On Thu, 11 Aug 2011, Ingo Molnar wrote:

> * Will Deacon <will.deacon@xxxxxxx> wrote:
> So what you and Vince are suggesting, to dumb down the kernel parts
> of perf and force users into raw or microarchitecture specific events
> actually *reduces* the user-base very significantly - while in
> practice even just cycles, instructions and branches level analysis
> handles 99% of the everyday performance analysis needs ...

No, what I want are the generalized events to accurately describe what is
being measured.

To do this properly you need a lot more granularity. PAPI for example has
100+ generalized events, some of which require multiple hardware events
to be combined to get the desired outcome.

Having a "branch" event like that on ARM that ignores not-taken events is
going to drive you nuts when you are trying to sample in your code to
find out why the branch miss rate is so high and you want to find the loop
exits that are predicted poorly (but can't find them because loop exits
tend to be not-taken branches).

Having a "L1-dcache-load" event that includes stores (like on current AMD)
will drive you nuts if you are debugging code and it shows that somehow
these loads are triggering cache-coherency invalidates when you know that
usually only stores can do so, and why would a load only event count

Having a tool that gives misleading names to things would be like if I
gave some poor user a copy of gdb that silently set breakpoints a random
offset from where the actueal breakpoint. Sure it probably correlates to
where you want the code to stop, but it's not what the tool says it is

So either come up with finer-grained generalized events, or else do a
better job of picking them. The fact that my _extremely_ simple
validation tests keep turning up problems like this indicate that no one
bothered checking these events before they shoved them in the kernel.
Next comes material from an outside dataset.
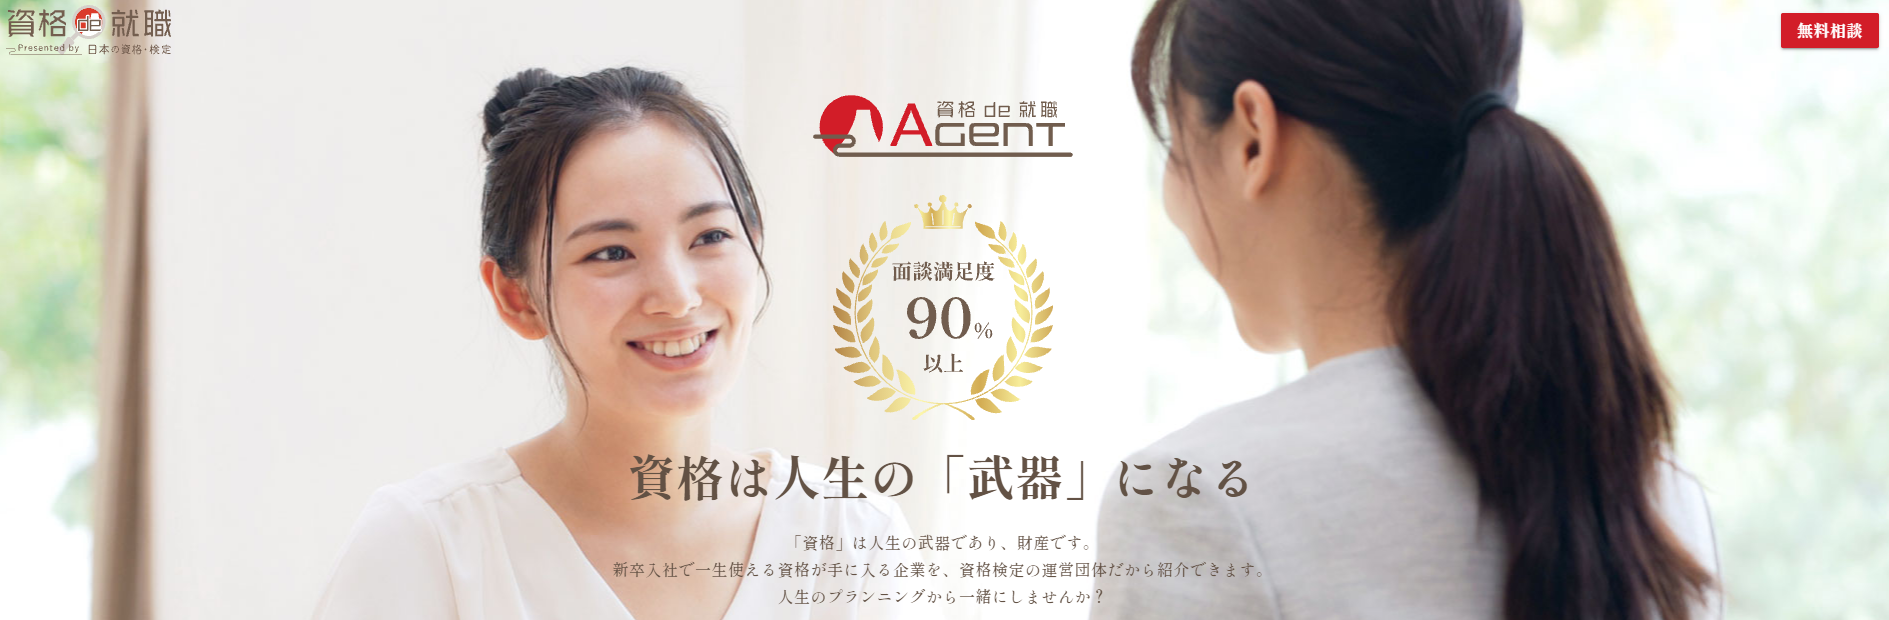 新卒エージェントサービス【資格de就職】面談促進プロモーション

Once in, these bad events linger for years and it's not even possible
to tell from userspace what raw even a generalized event maps to.
So anyone who cares is going to use a tool that uses raw events anyway.
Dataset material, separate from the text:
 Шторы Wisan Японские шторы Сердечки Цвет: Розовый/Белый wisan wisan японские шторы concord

(Note I am not saying they'll calculate the raw hex vaue themselves.
They'll use a pre-existing tool written by your maligned 1% power
users that will pick the proper raw event for them.)
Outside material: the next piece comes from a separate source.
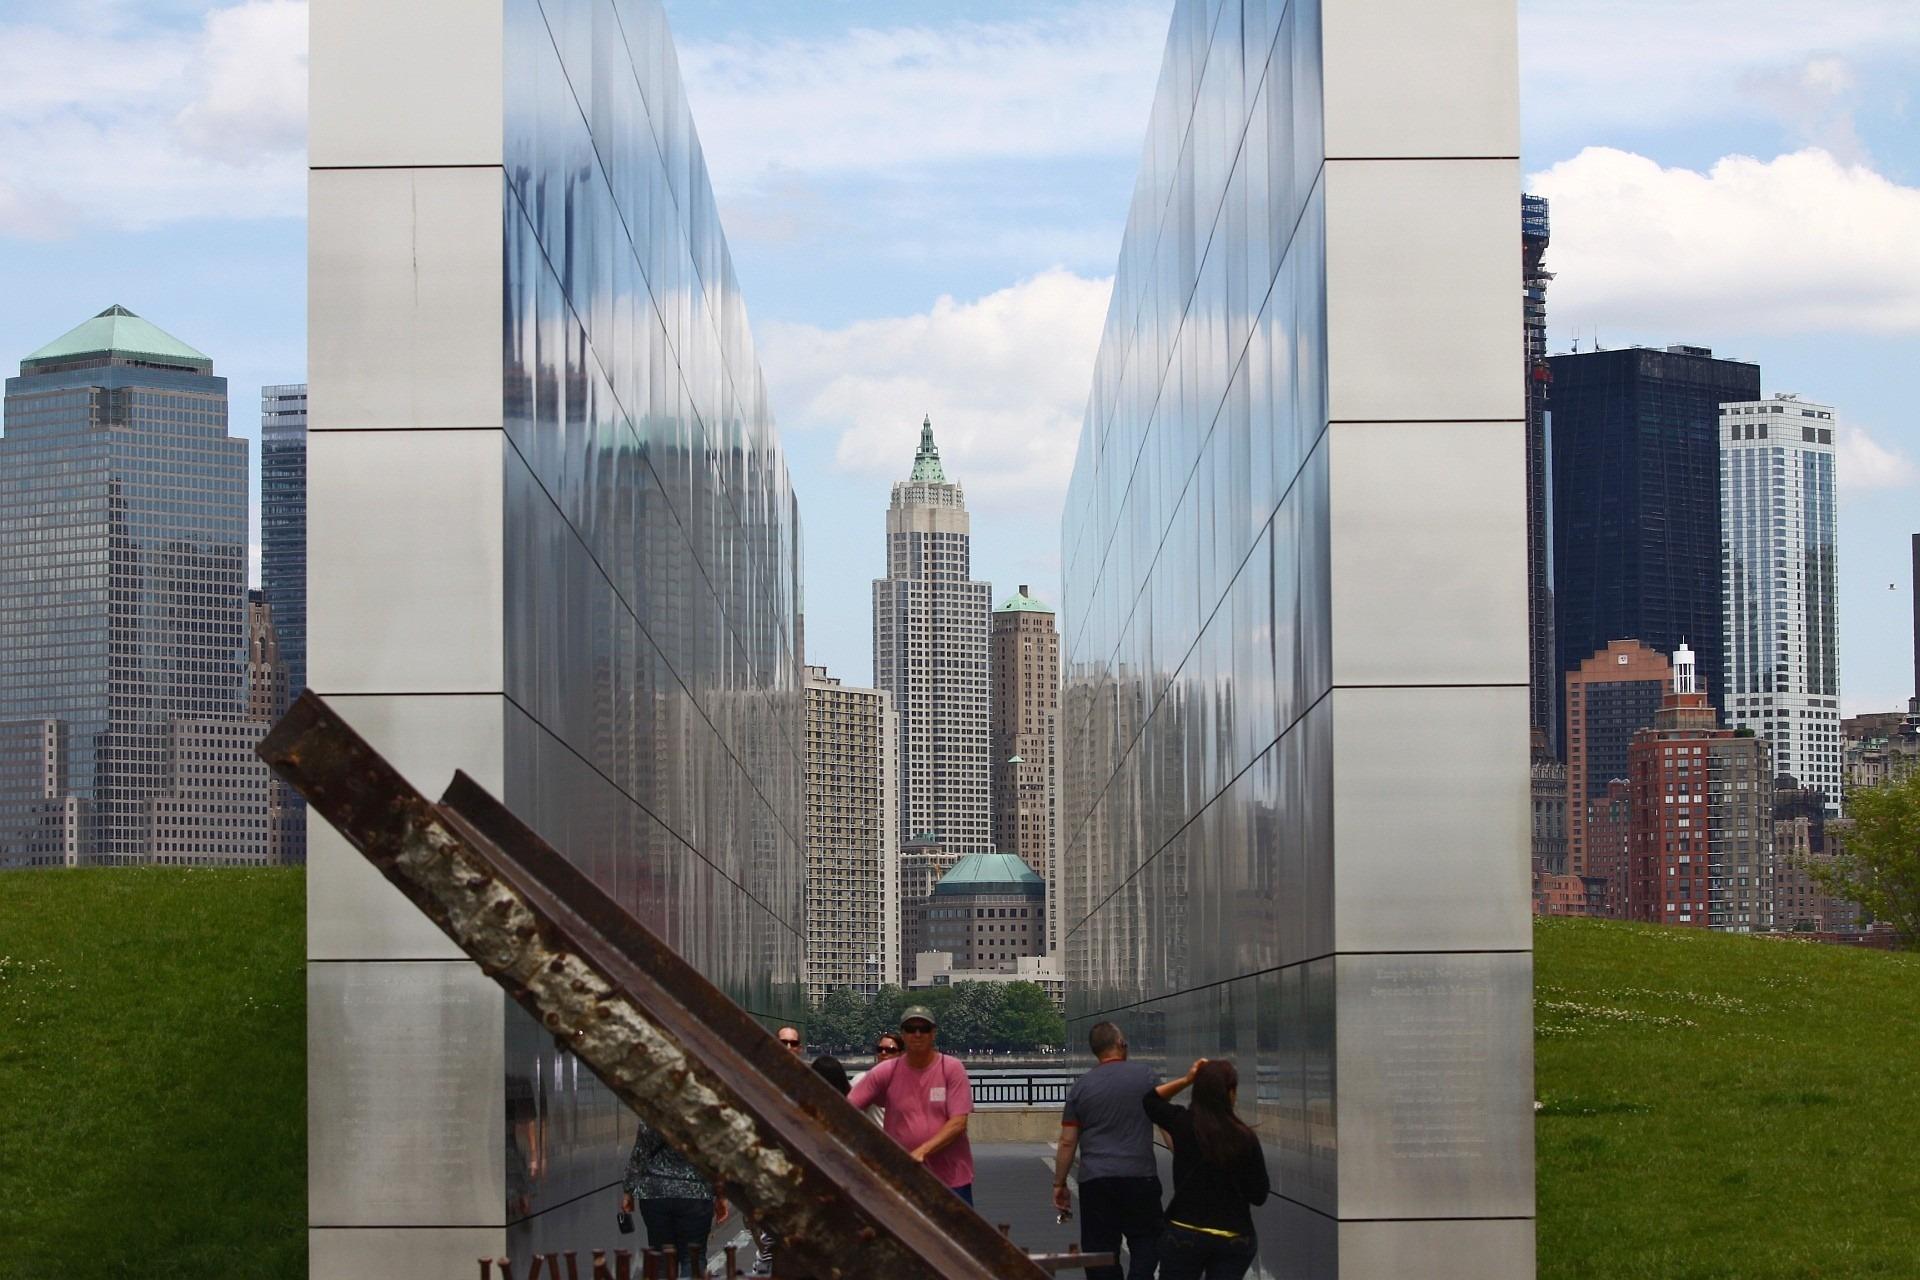 fotos gratis horizonte rascacielos nueva york nueva york paisaje urbano centro de la ciudad torre parque punto de referencia

> We saw how the "push CPU specific events to users and tooling"
> concept didn't work with oprofile - why do we have to re-discuss this
> part of failed Linux history again and again?

No one is arguing for oprofile. libpfm4/PAPI or a tool like pfmon, sure.

> The approach Vince and you are suggesting is literally sacrificing
> 99% of utility for 1% of the users - a not very smart approach. I
> don't mind accomodating the needs of 1% of power-users (at all), but:
> [...]
> We literally have more than 7 million lines of drivers/* code that
> provides generic abstractions - not just a few thousand lines of raw
> PCI operations space where user-space can write magic values to ...
> [...]
> It's the *job* of the kernel to abstract things away, we don't shy
> away from that ...

I get the impression if you were the graphics maintainer you'd specify all
drivers should use a 1024x768x16bpp generic abstraction and dither or
scale all devices to match this. This would be a nice abstraction that
would make graphics programming oh so much easier for the casual
programmer and it provides 99% of what most users want. The 1% of power
users are unimportant.

Also one could only use officialy blessed list of colors appearing in
some obscure file under /sys.

Also access to 3D functionality would be blocked until the people wanting
3D had properly developed a generic concept of the color "mauve" that
could be applied across the board, even on black+white only hardware.

> So having generic events is not some fancy, unused property, but a
> pretty important measurement aspect of perf.

perf the userspace tool or perf_event the kernel ABI?